Oh that is one of your most salient comments there, Squire. This past week's last two trading days netted the S&P 500 a combined loss of -4.2%. But the S&P's MoneyFlow regressed into S&P points recorded a comparable loss of just half that at -2.1%. The interpretation? The "We won't sell because it always comes back!" crowd is alive and well, until they, too, begin to sell. So much for conventional wisdom, unless one has significant patience ---> Per the "Friendly Reminder Dept.", from October 2007 to April 2013 the S&P 500 did not make a new high, (just in case yer scorin' at home).
"So how low is low, mmb..."
Rather than assign a subjective percentage drop, whether measured from here (S&P 4272) or from the high (S&P 4819), 'tis our preference to assess price structure. And as we shared via text this past week: "Broadly we can see S&P 3587-3198". In turn, that's in perfectly reasonably -- indeed long overdue -- order for an overall correction from 26% to 34%. 'Course, regardless of our pose, nobody knows.
Still, in recent years we've mentioned the notion of the "Look Ma! No Earnings!" crash. So in that vein we today give a tip of the cap to Bloomy reportage in actually acknowledging this poor Earnings Season. And yet, Dow Jones Newswires continues to make reference to an (albeit all inflationary) StateSide "Hot Economy". Does this look "hot" to you?
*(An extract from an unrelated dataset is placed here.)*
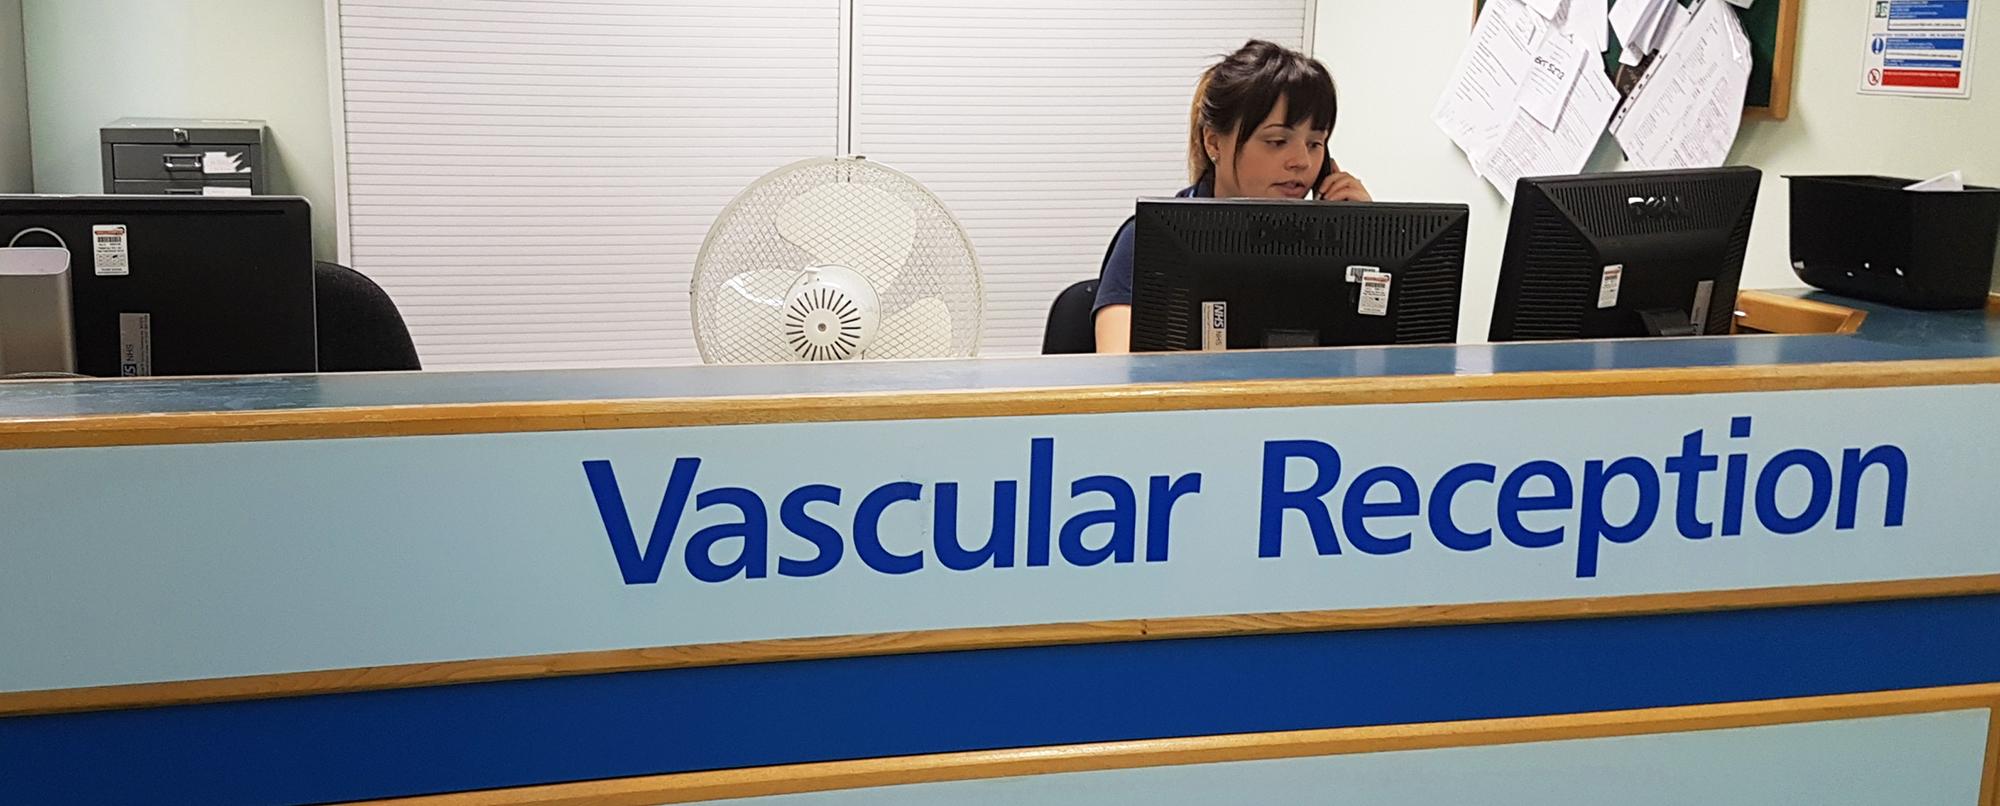 Vascular Reception

The only "hot" metrics of this past week were marginal improvements in March's Housing Starts and Building Permits. The balance was a "cold" wind that blew for the month's Leading Indicators and Existing Home Sales, along with April's lower Index readings from the National Association of Home Builders and the Philly Fed. As for the broader graphic, 'tis a "gyrating, recessive mess" indeed. Cue Jerry Reed from '71: "When you're hot, you're hot. When you're not, you're not."
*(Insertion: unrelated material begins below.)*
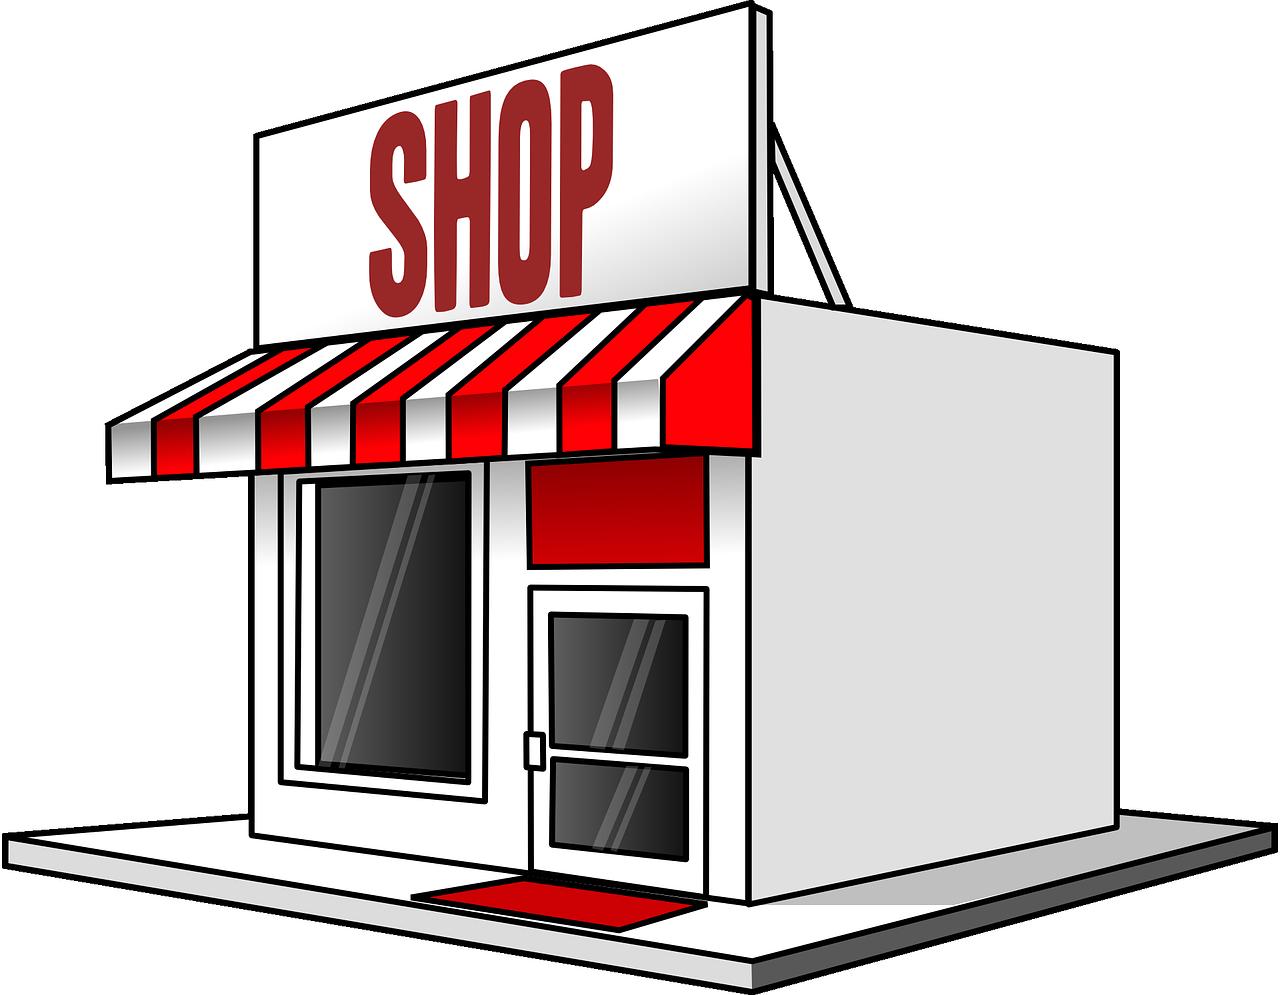 お店・登録販売者のイメージ画像

As for the FinMedia folks at large, our commendation to them for discovering the FedFundsFutures having already priced in a 50-basis-points rise per the Federal Open Market Committee come 04 May. We noted same three weeks ago in the 02 April missive, but 'tis better the news at least play ketchup than remain pickled, (sorry).
As to "The Now" for Gold, here next is the two-panel graphic of price's daily bars from three months ago-to-date on the left and 10-day Market Profile on the right. Therein you can see the near-term negativity as Gold's "Baby Blues" of regression trend consistency turn downward whilst price is pinned down near the bottom of the Profile:
And 'tis the same for Sister Silver, say no more:
Ahead of a critical week for incoming economic metrics, we'll wrap it here with these three notes:
- "Researchers" report that millions of ably-eligible folks are choosing "indefinitely" to remain out of the workforce. We find it curiously coincident with such choice that -- going by S&P/Experian's data on consumer credit defaults -- they've just increased for the fourth consecutive month. Live by the credit card; die by the credit card.
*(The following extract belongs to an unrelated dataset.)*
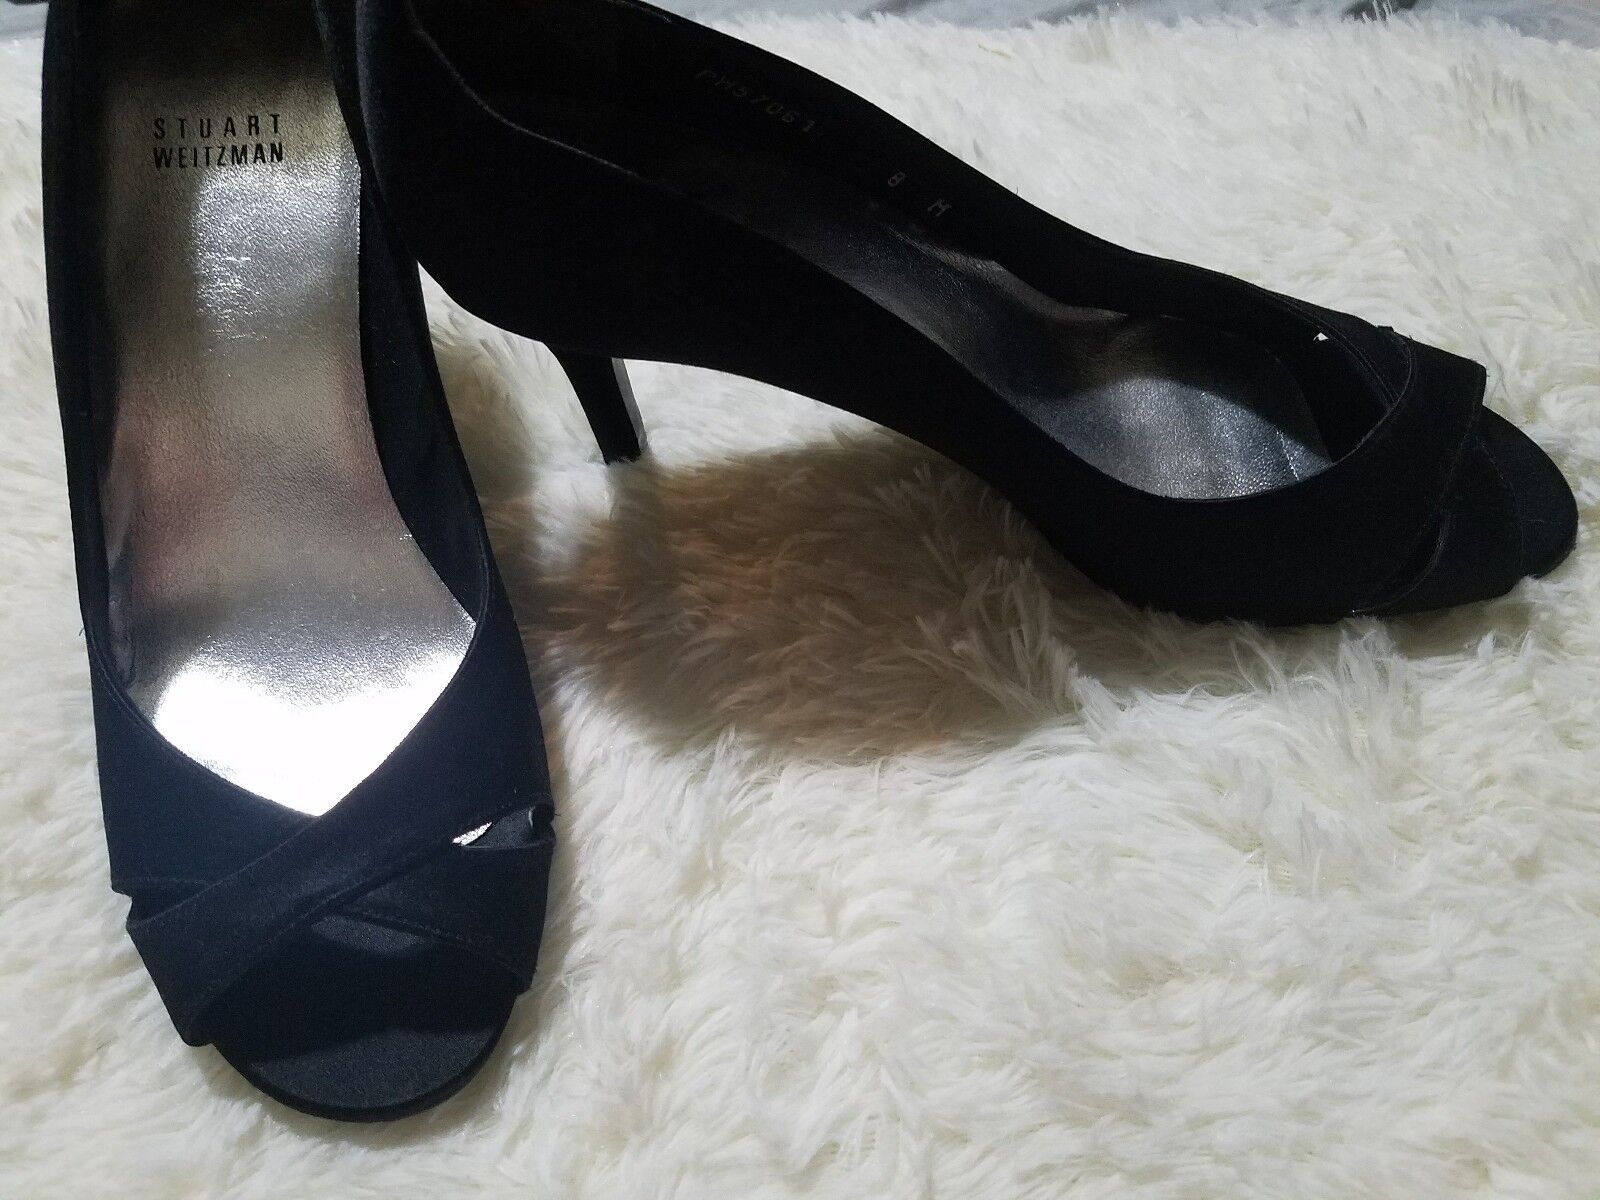 New Stuart Weitzman Black Open-Toe Satin Lace Lace Lace Heels shoes  8 M c0c8c6

- One Tobias Adrian -- The International Monetary Fund's Director for Monetary and Capital Markets -- expressed concern this past week over the risk for further selling in the markets such that we may "...see a certain amount of readjustment of asset valuations going forward..." That's a quaint way of putting it, one has to say.
- Ready for the Mother of all Metrics? Again with reference to it being a critical upcoming week for data from the "hot" economy, therein we'll get the first StateSide reading of Q1 Gross Domestic Product. The consensus is for a vastly reduced annualized pace of only +1.1%. But here's the killer: the consensus for the associated Chain Deflator is +7.3%. That is stagflation in spades, right there!
And Gold toward seeing its way clear remains so cheap through here!